Ушел. В доме послышались стук и грохот. Раза два, мелькая смуглыми икрами, бегала к сараю Люся — они готовились к отъезду. Я же влез на курган, перепрыгнул через полуобвалившуюся траншею — здесь была партизанская оборона — и неожиданно, как во сие, вспомнил, что яблоню посадил
отец Ивана, работавший лет двадцать лесником и не вернувшийся с войны. Память — надежная кладовая. Положишь в нее что-нибудь и вроде забыл, потерял, а потом снова отыщемся.Мы с Иваном были совсем маленькими детьми, когда Ершов принес тоненький саженец, бережно замотанный в рогожу. Яблоню он посадил осенью, уже перед самыми холодами; вскоре лег снег, и отец Ивана каждую ночь ходил греть беззащитный стволик: раскладывал рядом костер. Холода держались весь январь и половину февраля — саженец уцелел. В первую весну у него проклюнулись почки, он качался и гнулся, когда садились воробьи.
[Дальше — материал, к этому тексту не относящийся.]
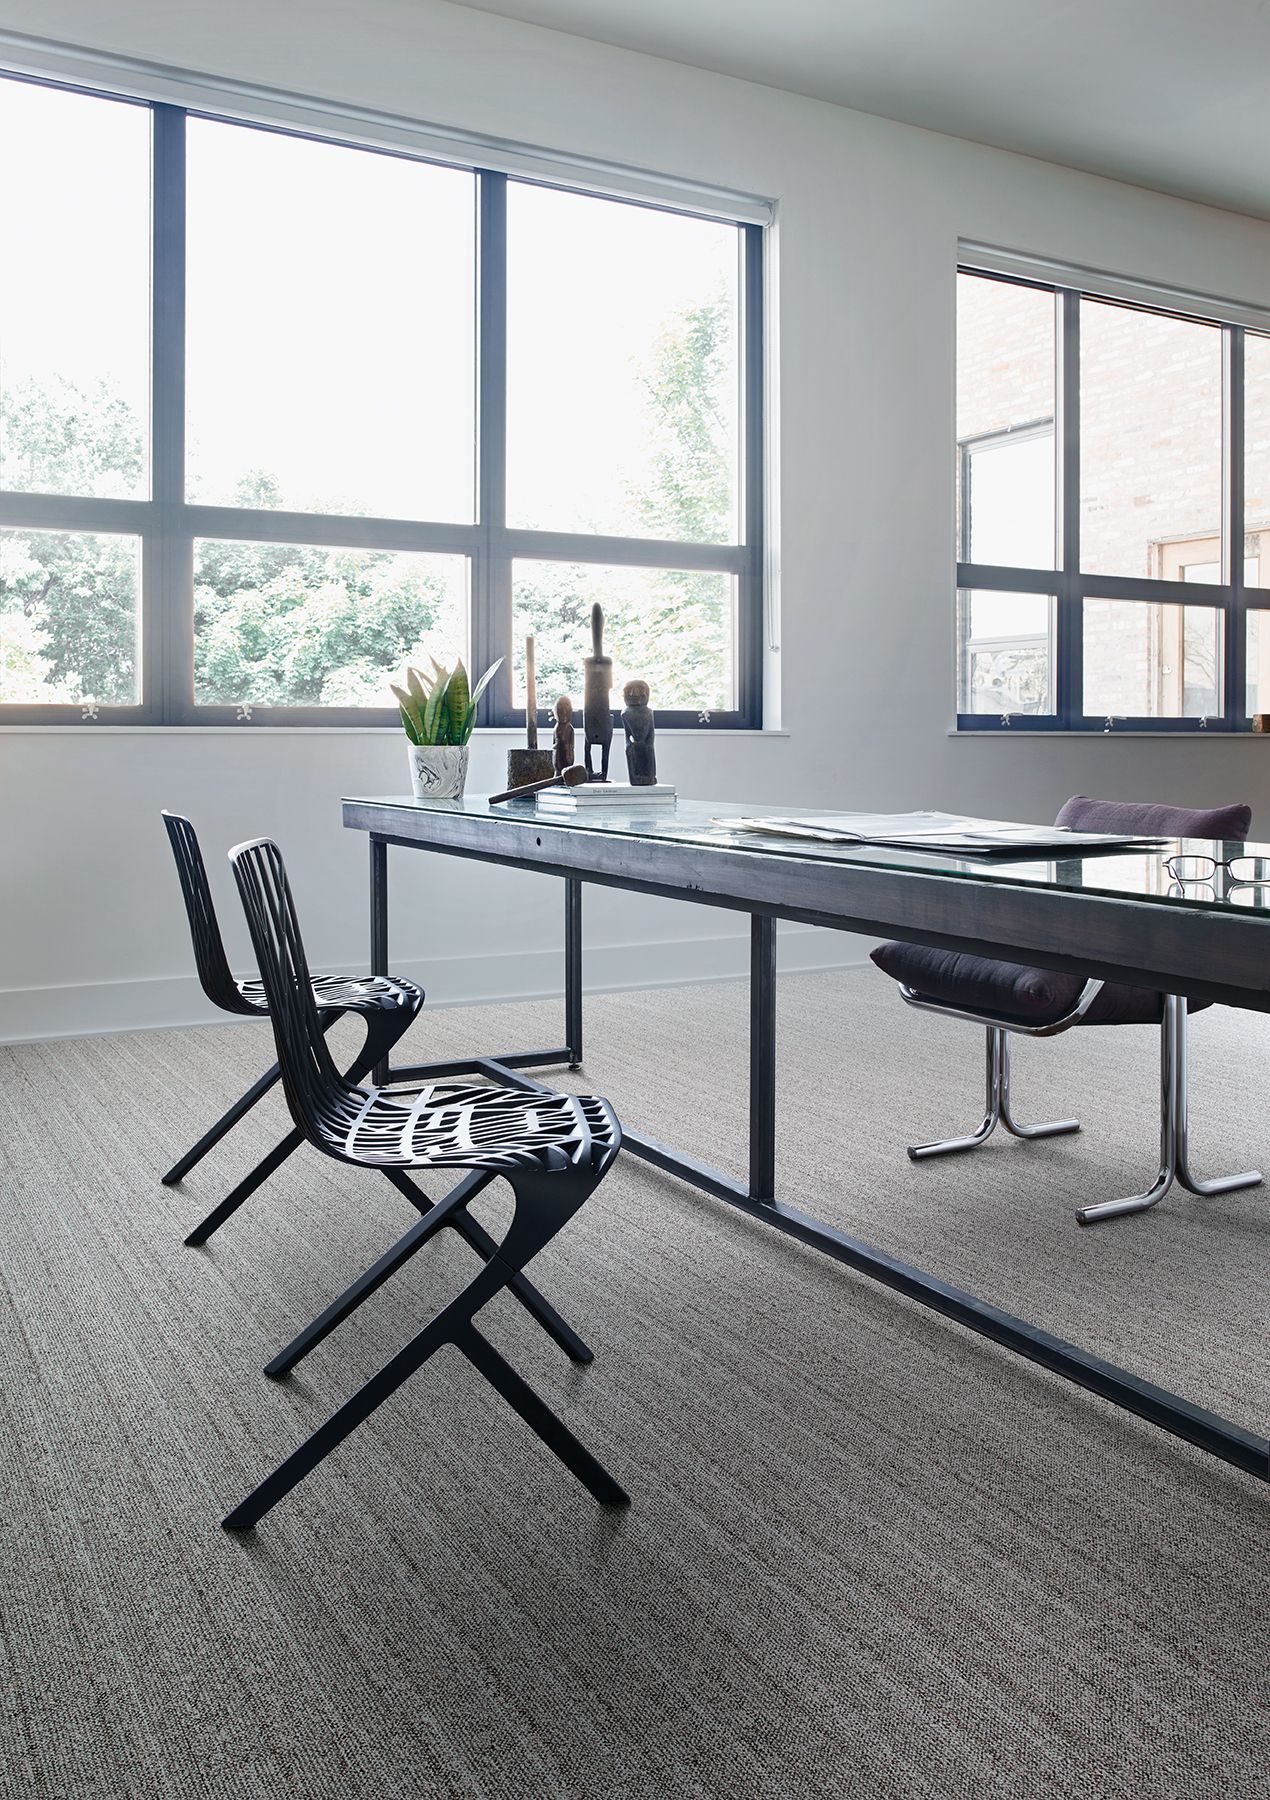 Interface WW860 plank carpet tile in work area with table and chairs Bildnummer 5

Кто-то, кажется тетка Мильчиха, бессемейная и бездетная женщина, посоветовала:
— Лучше бы, Сергей, вскопал грядку — пользы больше. А так переедешь в другое место, а яблонька другим достанется. Дом-то казенный!
Отец Ивана покачал большой головой и посмотрел на Мильчиху так, что та сразу отошла мелкой, семенящей походкой. Больше она об этом, кажется, не говорила.
Отец, помню, мне как-то давно рассказывал, что и там, в Вышнем Волочке, где жил до Дорогобужа Ершов, он тоже сажал яблони, и они остались чужим людям.
С кургана я вернулся поздно, горели яркие, будто натертые, звезды, и вовсю светила полная улыбчивая луна. От заборов тянуло все тем же свежим и сладостным запахом цветущих яблонь. Городок засыпал, только сторожем где-то на другом берегу, за Днепром, ходила девичья песня. Иван сидел на крыльце и курил.
Я сел рядом, и мы долго молчали. Затягивался Иван резко, порой судорожно, со всхлипом, что-то тренькало у него в горле, и был он весь какой-то собранный, стянутый в узел мускулов. К нам на курево, как обычно, выбрался с правой стороны из соседнего дома Митин — друг Иванова отца. Митин постукивал об ступеньку деревяшкой, гмыкал, покусывал крепкими зубами цветной мундштук. Спросил, сверкая хитрыми глазами:
— Ты чего, Иван, такой зачумленный?
— Работы много, — отвлеченно сказал Иван.
А перед нами, как святая, обласканная шелковистой полутьмой, по-прежнему чисто и недоступно светилась яблоня.
— Еще дня два, а потом опадет, — сказал Иван, думая о чем-то.
— Долго, — сказал я, — наверно, лето будет сухое?
— Дело не в поверьях. Я ее удобрил, оттого и цветет. За деревом уход нужен, Коля, — в голосе Ивана слышались доселе неизвестные мне нотки деловитости, хозяйской сметки и чего-то будничного: точно Иван сам родил все живое на земле.
— Конечно, — согласился я.
— Ишь, какая красавица стала! — восхищенно проговорил Митин, любуясь яблоней, и спросил Ивана: — Прививать не думаешь? Можно новый сорт яблок получить. Научными умами доказано.
Иван встрепенулся, точно кто-то внезапно прочитал его тайные мысли.
— Не к чему, — сказал он сухо.
Иван встал, обошел раза три яблоню, снова сел, почесал висок. С ним действительно творилось неладное, он чем-то был озабочен: может, переездом, может, отношениями с матерью жены, то ли еще чем.
Но я видел, чувствовал — неладно у него на душе.